Human memory is produced from what is to that level of organization a hidden reality.  Anticipation is grounded in the variation’s environment and is also hidden.  The patterns exist because humans communicate with each other.  The physical properties of human memory and human anticipation shape the patterns of expression.  In the language of social-biologists, Maturana and Varela, one can think of the pattern as a memetic expression of an autopoietic envelop having a complex interior and a reactive mechanism that manages a structural coupling for maintaining the re-occurrence of pattern expression. 

 

Following the double articulation principle, internal value structure of type creates an entailment to dynamic structure between type exemplars.  The presence of structural coupling can be observed in nature, and human communication depends on this structural coupling in both memetic simplex and memetic complex expression.  This relevance of the notion of structural coupling between (type:value) pairs is an objective well-framed scientific claim. 


 

(Research Objectives: continued)

 

The BCNGroup and technology scientists have made a map of how memetic structure is being expressed.  Our work has been over the publicly disclosed patents in the area of the knowledge technologies.  We extract and abstract the properties of patterns of expressive behavior.  From this technology we can anticipate the development and adoption of new innovations.   A new capability is being made available. 

 

Memetic expression is as complex as genetic expression, perhaps even more complex because the memetic expression is within social systems (as shared concepts) and the genetic expression is within natural ecosystems (as animals).

 

Substructural variation in machine inference binds inductive and deductive inferencing.  How this is accomplished has as yet not been demonstrated, but has been suggested in private research on the tri-level architecture in conjunction with the Russian quasi-axiomatic theory.  

 

Patterns of predictive inferencing about the “evolution” of thematic content of real time flow of information from web sources are of particular interest. 

 

Archetypal value carries with it the rich detail that allows natural language to be understood, by humans, within social communication.  Thus specific words and word structures are reflective of meaning in the context of broader experiences within the memory and anticipational aspects of human cognition. 

 

Before concluding this section, we should return to the conjecture that structural stratification is the key to complex machine inference and high conceptual fidelity in knowledge representation.   The key opens the door to a number of deep surprises, the first of which is that this key radically simplifies the formal tasks associated with real time knowledge expression within communities.  This simplification is relative to the artificial assumptions of statistical pattern recognition and of classical logics.  The surprise is that the new technology will deliver value with far fewer computational resources. 

 

The explanation as to why there is a surprise is that the cognitive load is pushed back away from the algorithms, where it has not and will not, by rational argument, occur.  The design of the Knowledge Sharing Core pushes the cognitive load to the human minds and into controlled vocabularies where mediated reconciliation presses can be instruments (using the SchemaLogic SchemaServer – for example.).  The human mind can be observed to have functionality and behavior that no computer program has even reasonably approximated.  This is the point to the two books by Sir Roger Penrose, a point made also by scholars related to the BCNGroup. 

 

This simplification, and this surprise, has a place in history. 

 


D1.  Detailed description of technical approach

 

This section, and the next, is long and perhaps difficult to read.  We have two purposes in writing these two sections.  First is to continue the exposition of basic theory and second is to put this theoretical work into the current political and business process context.

 

We introduce the proposed system by tracing one of its motivations.  John Sowa, one of the distinguished scientific advisors to the project, made the following comments about the (type:value) pair that is the focus of patents held by ATS (Applied Technical Systems):

(type:value) pairs have been used and implemented in various systems since the 1950s, and they are part of almost every major programming language and knowledge representation system in use today:

 

1. They are the basis for the LISP property lists in the 1950s.

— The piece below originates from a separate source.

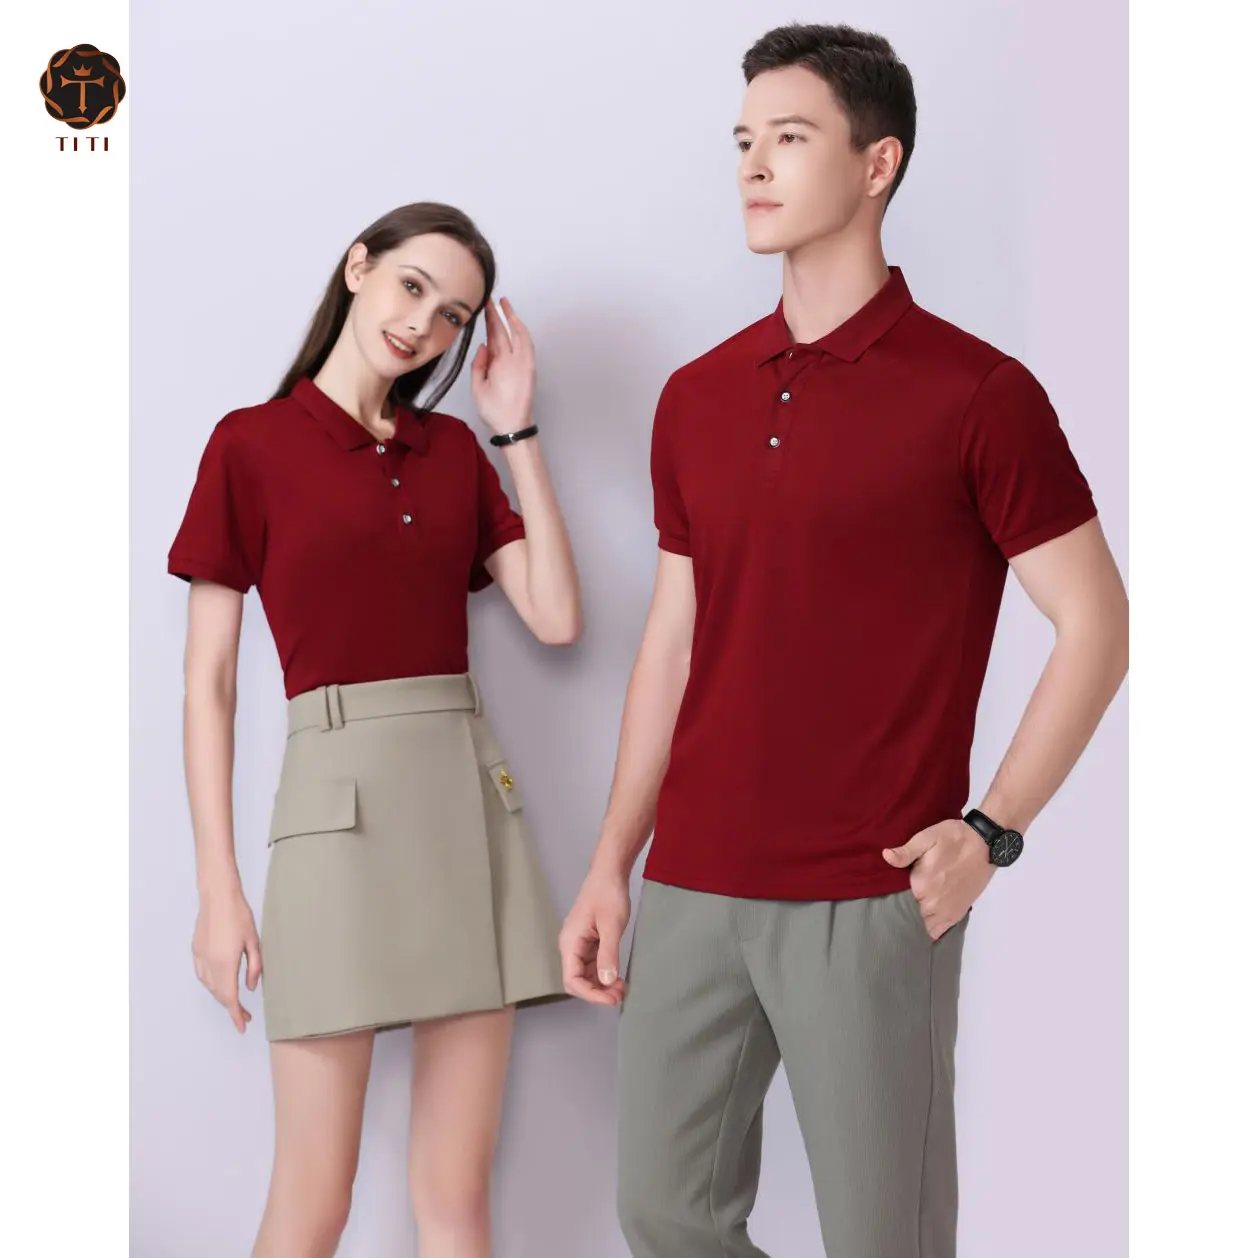 Toptan özel ipek polyester nakış logosu Polo gömlekler yüksek kalite düz Golf Polo t-shirt özel bordo Polo gömlekler

2. They are the slot-filler scheme in every frame-based knowledge representation system.

3. They are the basis for the data structures in COBOL, PL/I, Pascal, C, C++, Ada, Java, etc., etc., etc.

4. They are the representation in the concept nodes of conceptual graphs (which were first published in 1976).

 

Given the enormous number of variations in which (type:value) pairs have been used, it is reasonable to conclude that no new patents in the area would be possible. 

 

Dr. Sowa’s observation allows an important insight: namely, that some unexpected computer science innovations are possible, if one adopts a new paradigm.  For our team the (type:value) pair has properties that are NOT anticipated by classical computer science and cognitive models based on scientific reductionism.  It is these properties that we judge to be foundational to knowledge technologies.

 

From a quick reading of the two (1994,1996) ATS patents, one is surprised by the specific manner of disclosure.  One can recognize at the outset that the (type:value) pair is a good way to localize information about type and value.  The CCM constructions follow XML and ontologies developed from objects and classes (like OWL).  But there is something in addition to the (type:value) pairing, and this has to do with information organization and inference.  Clearly the patent officers felt that the CCM (Contiguous Connection Model) construction was NOT anticipated by the work that John Sowa refers to.

 

Some language will help us here.  Inversions involve two processes (1) the traversal of a branch (or tree or collection of branches), (2) the convolution over all or some subset of more elementary units (e.g., significant words) where the convolution creates a partition and equivalence relationship.  Inversions are a specific type of convolution, as defined in classical mathematics.  The convolution is over a set.  As each element of the set is visited some action takes place, that action being defined by the convolution operator.  In classical mathematics, the set can be infinite or finite in size.  In the CCM convolutions the set contains (type:value) pairs and the action is defined by rules.

 

Speed of convolution operators over hash tables will turn out to be more and more important as we develop more complex convolutions and as we allow the user (or researcher) the parameters needed to re-apply convolutions experimentally as one tries to bring a specific focus into the conceptual roll-up.  The convolution may occur differentially over type-categories or over value-categories – in ways that are disclosed in the 1996 CCM patent. 

 

These “constructed” equivalence relationships are expressed as part of a CCM notational system under development by OntologyStream as part of an R&D contract to ATS.  Once expressed in the CCM notational system, one can formally discuss properties related to both fidelity and to efficiency in data processes.  For example, the convolution can be formally complex if ontology is used with reconciliation containers.  Complexity arises in the naturally occurring ambiguation and disambiguation process that are essential to the use of natural language within communities.  Logics over (type:value) pair schema containers follows the auxiliary innovations one sees in SchemaLogic Inc.’s SchemaServer and other similar systems. 

 

In both XML and in the Cycorp technologies, a problem exists in finding the proper scope, namespaces, and situational context.  Complexity issues are at core to the solution of this problem.  Complexity can be expressed in continuum models.  We point to connectionism as one missing component to existing information technologies.  The claim is not that connectionism supplies all of the answers, but that connectionism exists because there is more required that a localization of information into (type:value) pairs.

 

One may also understand, or believe, that the structure of any natural system’s expression is so constrained in the real world that the number of types and the relationships between types are small in number, and yet open to change.  Seen in this way, one finds data regularity in context as a matter of human observation.   Even with this type data regularity in context taken into account, individual localizations can be massive in number.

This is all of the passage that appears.